From the line containing "mastermind group coaching" to the line containing "Компактная машинка для" in the records below, set down every line exactly as it stands, both ends included, and skip the pictures.

**Dataset excerpts:**
◇ ◇ ◇ ◇

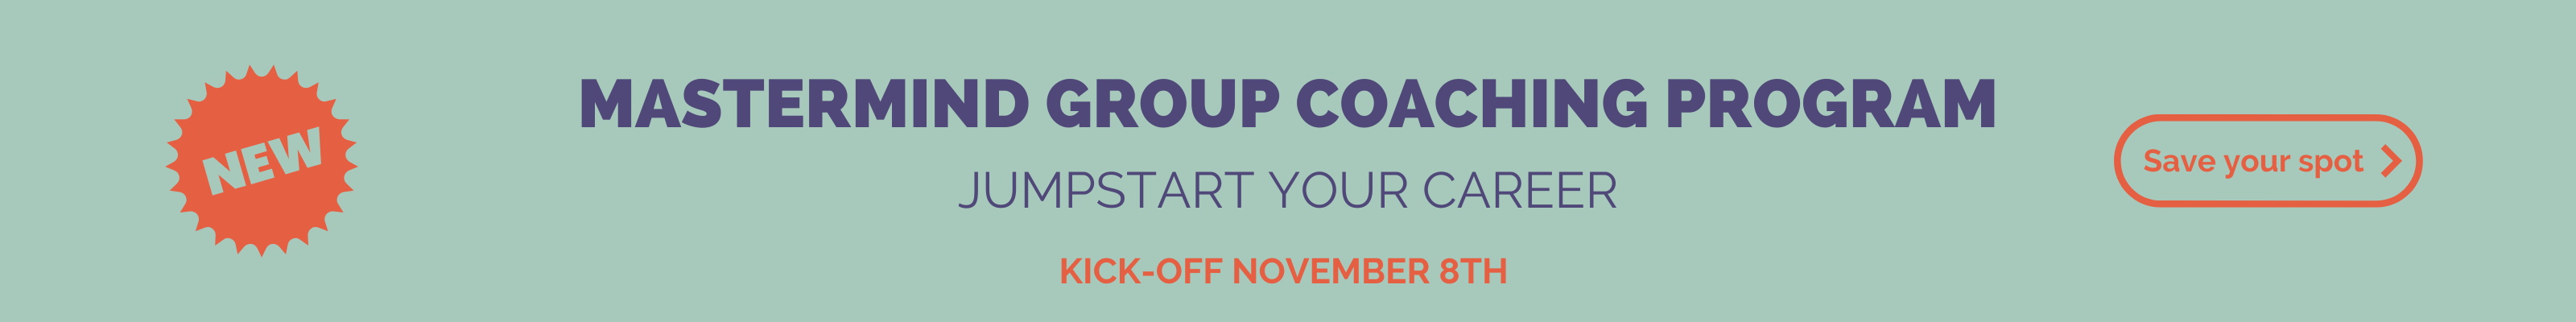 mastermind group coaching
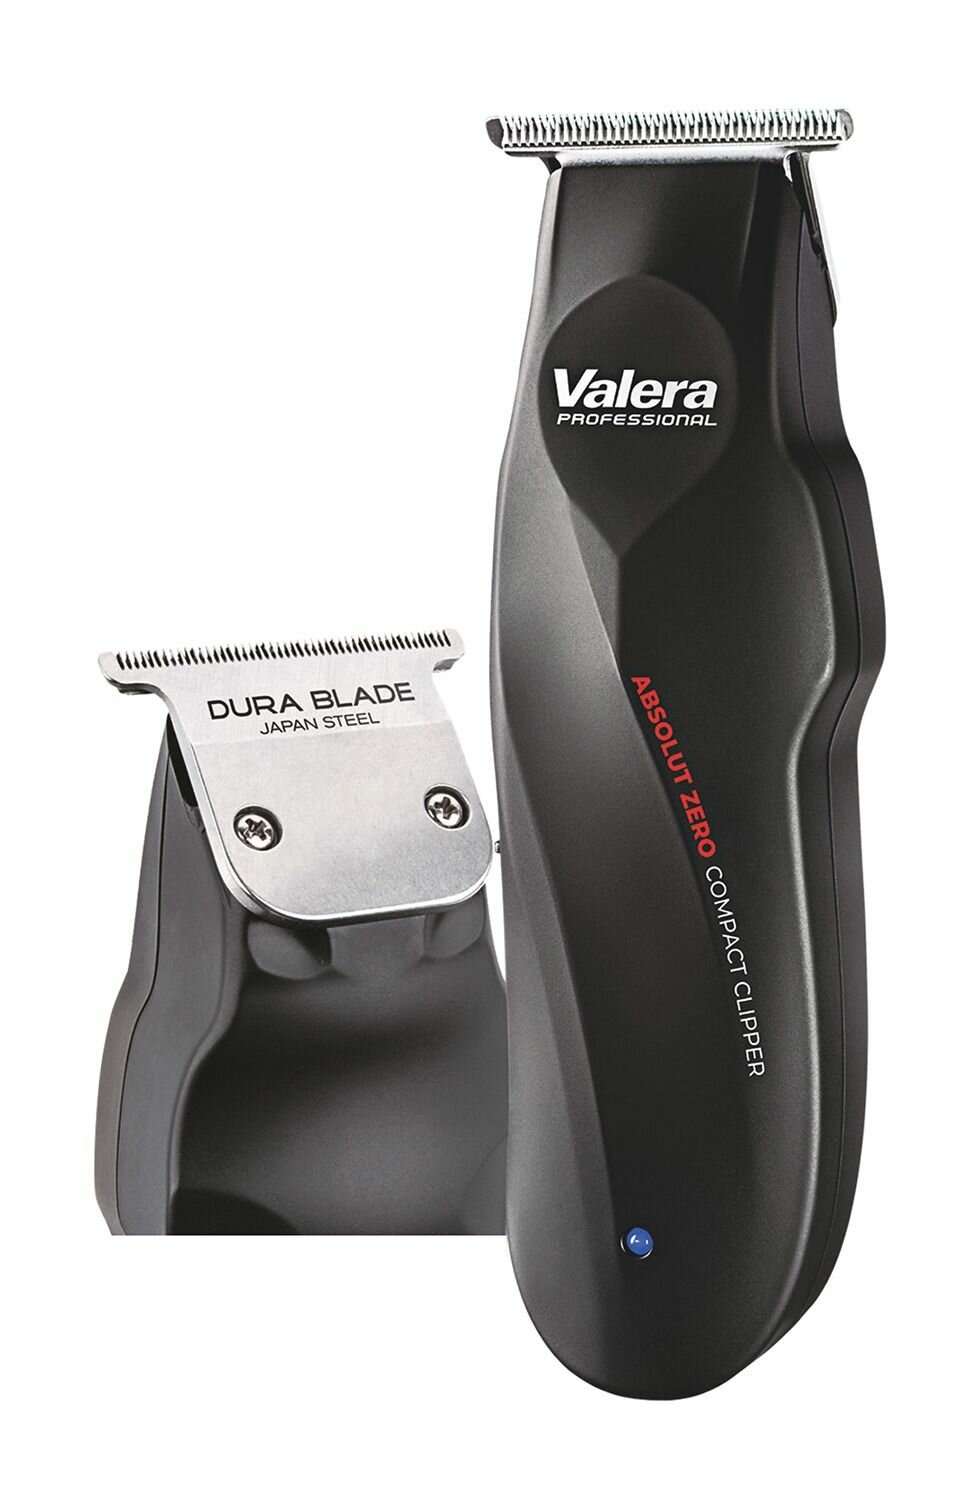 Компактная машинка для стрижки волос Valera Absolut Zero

◇ ◇ ◇ ◇

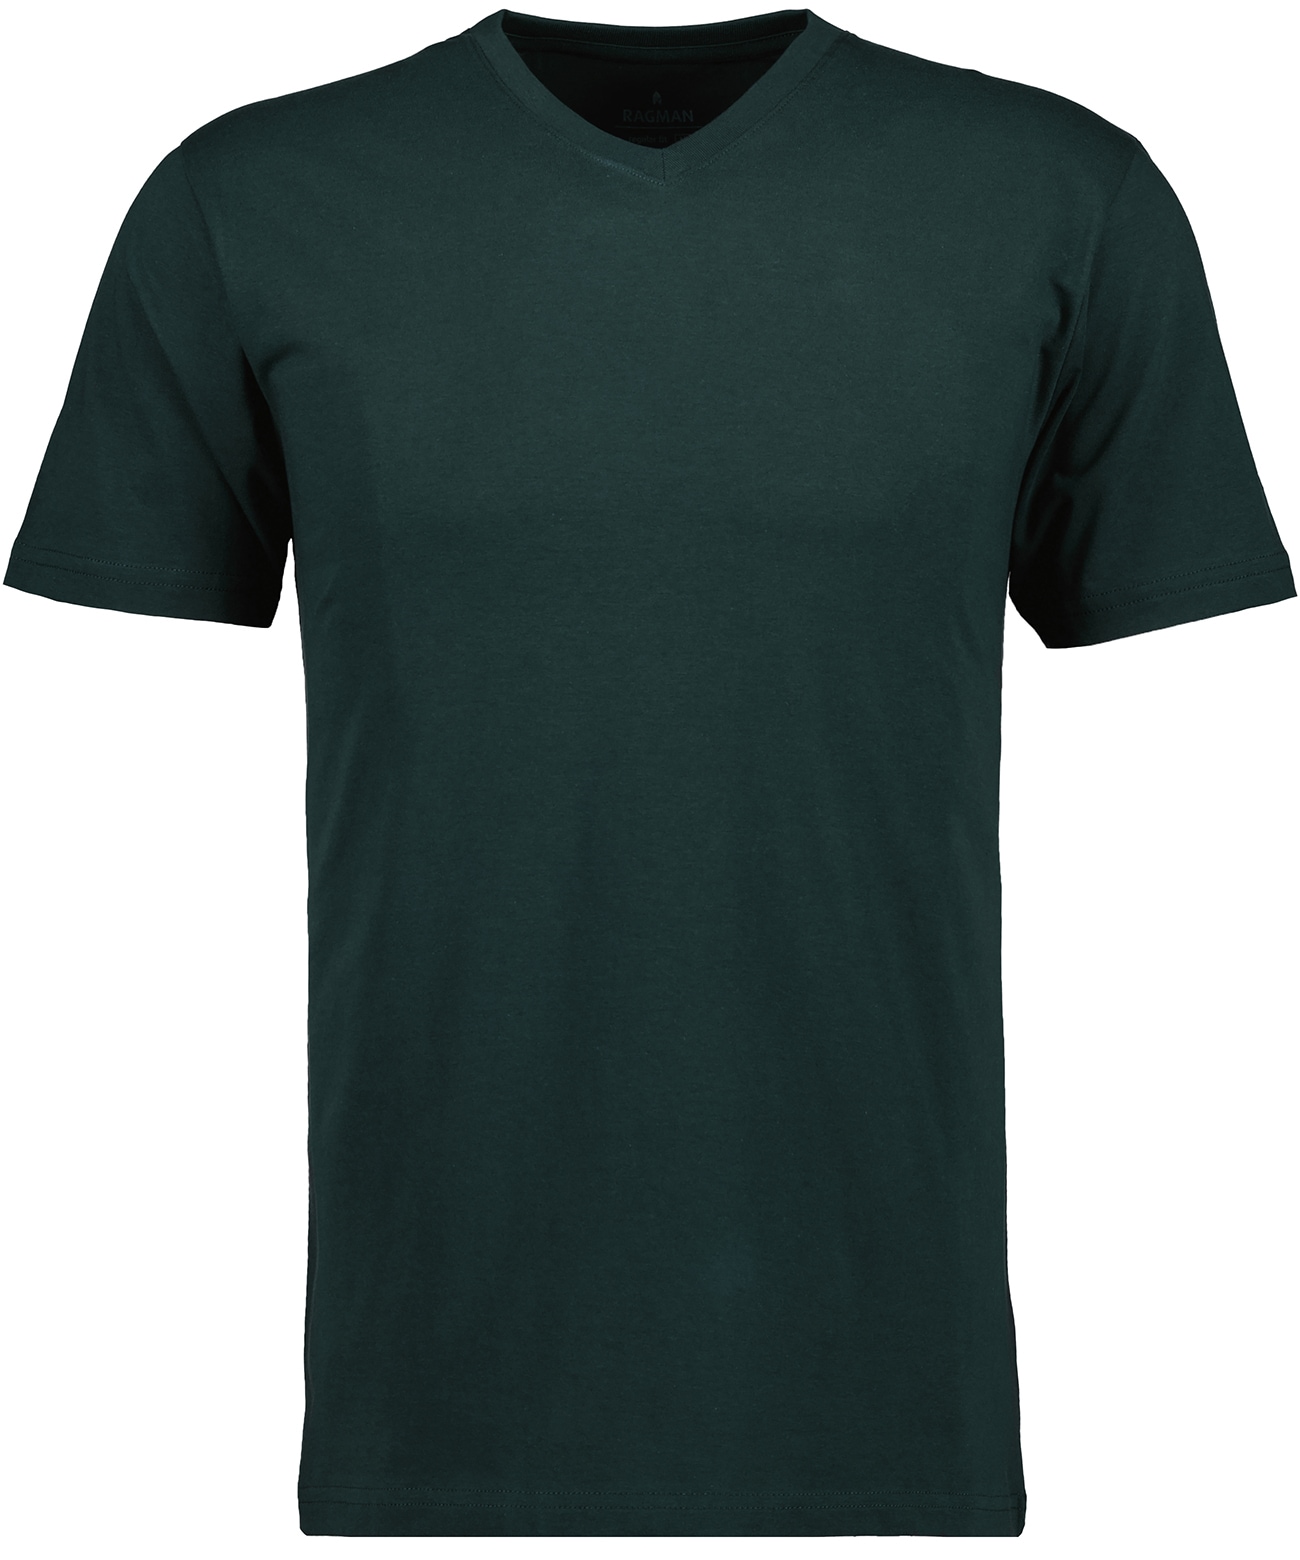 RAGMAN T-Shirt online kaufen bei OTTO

◇ ◇ ◇ ◇

**Result:**
 mastermind group coaching
 Компактная машинка для стрижки волос Valera Absolut Zero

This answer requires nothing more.